Each workspace subpath gets its own directory, file context, and conversation history. Only one Claude process can run per workspace at a time — concurrent requests return 409. Use different workspace names for parallel work:

# these run concurrently without conflicting
curl -X POST http://localhost:4000/claudebox/run \
  -H "Authorization: Bearer $CLAUDEBOX_API_TOKEN" \
  -d '{"prompt": "write a Go HTTP server", "workspace": "go-project"}'

curl -X POST http://localhost:4000/claudebox/run \
  -H "Authorization: Bearer $CLAUDEBOX_API_TOKEN" \
  -d '{"prompt": "write pytest tests", "workspace": "py-tests"}'

Object Storage (hybrids3)

Base URL: http://localhost:4000/storage/

HTTP API

Method Path Auth Description
GET /storage/health none Returns {"status":"ok"}
GET /storage/ master or bucket key List buckets (master sees all, bucket key sees own)
GET /storage/<bucket> public: none / private: key List objects (supports ?prefix= and ?max-keys=)
PUT /storage/<bucket>/<key> bucket key or master key Upload object (MIME auto-detected)
GET /storage/<bucket>/<key> public: none / private: key Download object
HEAD /storage/<bucket>/<key> public: none / private: key Object metadata — no body
DELETE /storage/<bucket>/<key> bucket key or master key Delete object — 204 even if it doesn't exist
POST /storage/presign/<bucket>/<key> bucket key or master key Generate presigned URL
POST /storage/mcp/ per-tool auth_key MCP endpoint

Authentication: pass Authorization: Bearer <key> where <key> is the bucket's private key or $HYBRIDS3_MASTER_KEY.
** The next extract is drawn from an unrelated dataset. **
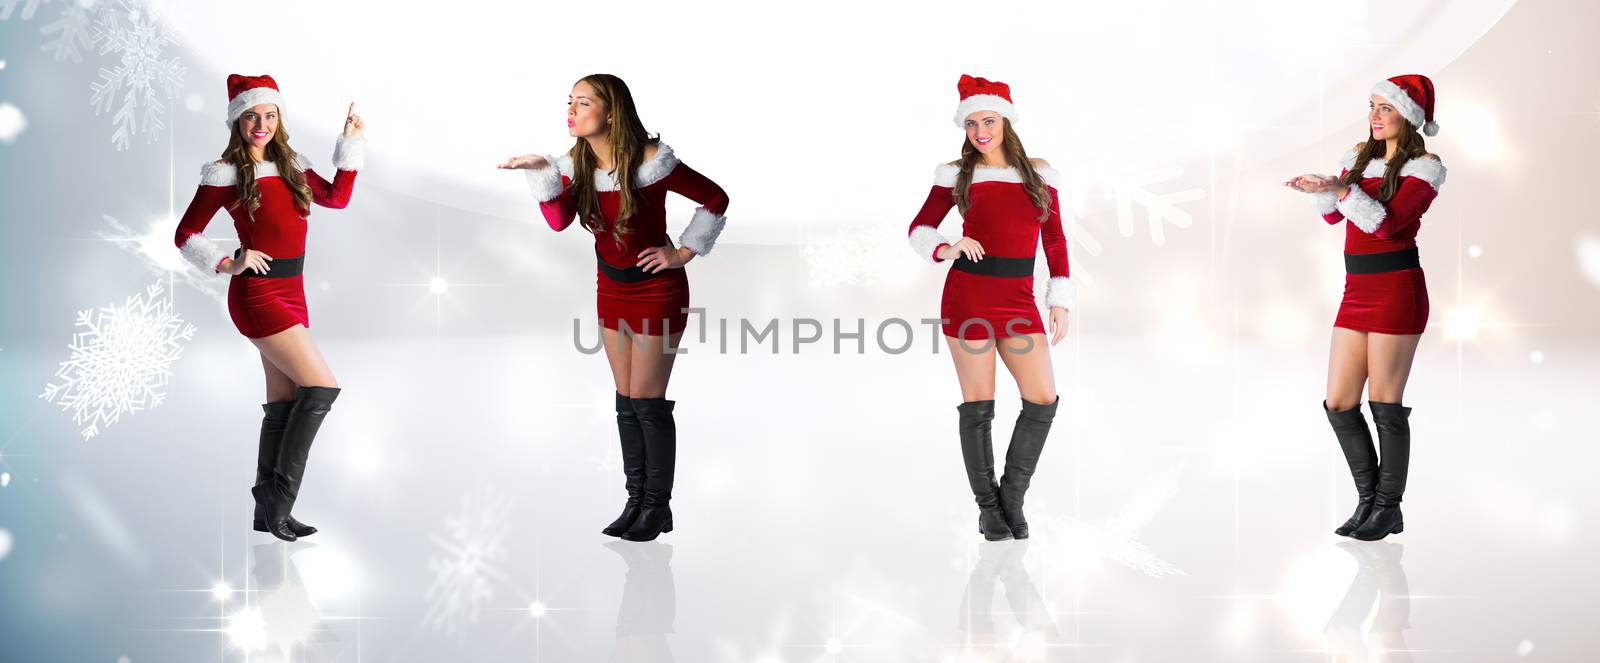 Composite image of different festive blondes against lights twinkling in modern room

The uploads bucket is configured as public-read — GET/LIST require no auth. PUT/DELETE always require the bucket key.

Presigned URLs

# generate a presigned URL (expires in 1 hour by default, max 7 days)
curl -X POST "http://localhost:4000/storage/presign/uploads/photo.jpg?expires=3600" \
  -H "Authorization: Bearer $HYBRIDS3_UPLOADS_KEY"

# response for public bucket — plain URL, no expiry
{"url": "http://localhost:4000/storage/uploads/photo.jpg", "expires": null}

# response for private bucket — signed URL with expiry
{"url": "http://localhost:4000/storage/private/doc.pdf?X-Amz-Algorithm=...&X-Amz-Signature=...", "expires": 3600}

# use the presigned URL — no auth header needed
curl "http://localhost:4000/storage/uploads/photo.jpg"

S3-compatible access (boto3)

import boto3
from botocore.config import Config

s3 = boto3.client(
    "s3",
    endpoint_url="http://localhost:4000/storage",
    aws_access_key_id="uploads",           # bucket name (public_key)
    aws_secret_access_key=HYBRIDS3_UPLOADS_KEY,
    region_name="us-east-1",
    config=Config(signature_version="s3v4"),
)

s3.upload_file("image.png", "uploads", "image.png")
s3.download_file("uploads", "image.png", "local.png")
s3.list_objects_v2(Bucket="uploads", Prefix="images/")
s3.delete_object(Bucket="uploads", Key="image.png")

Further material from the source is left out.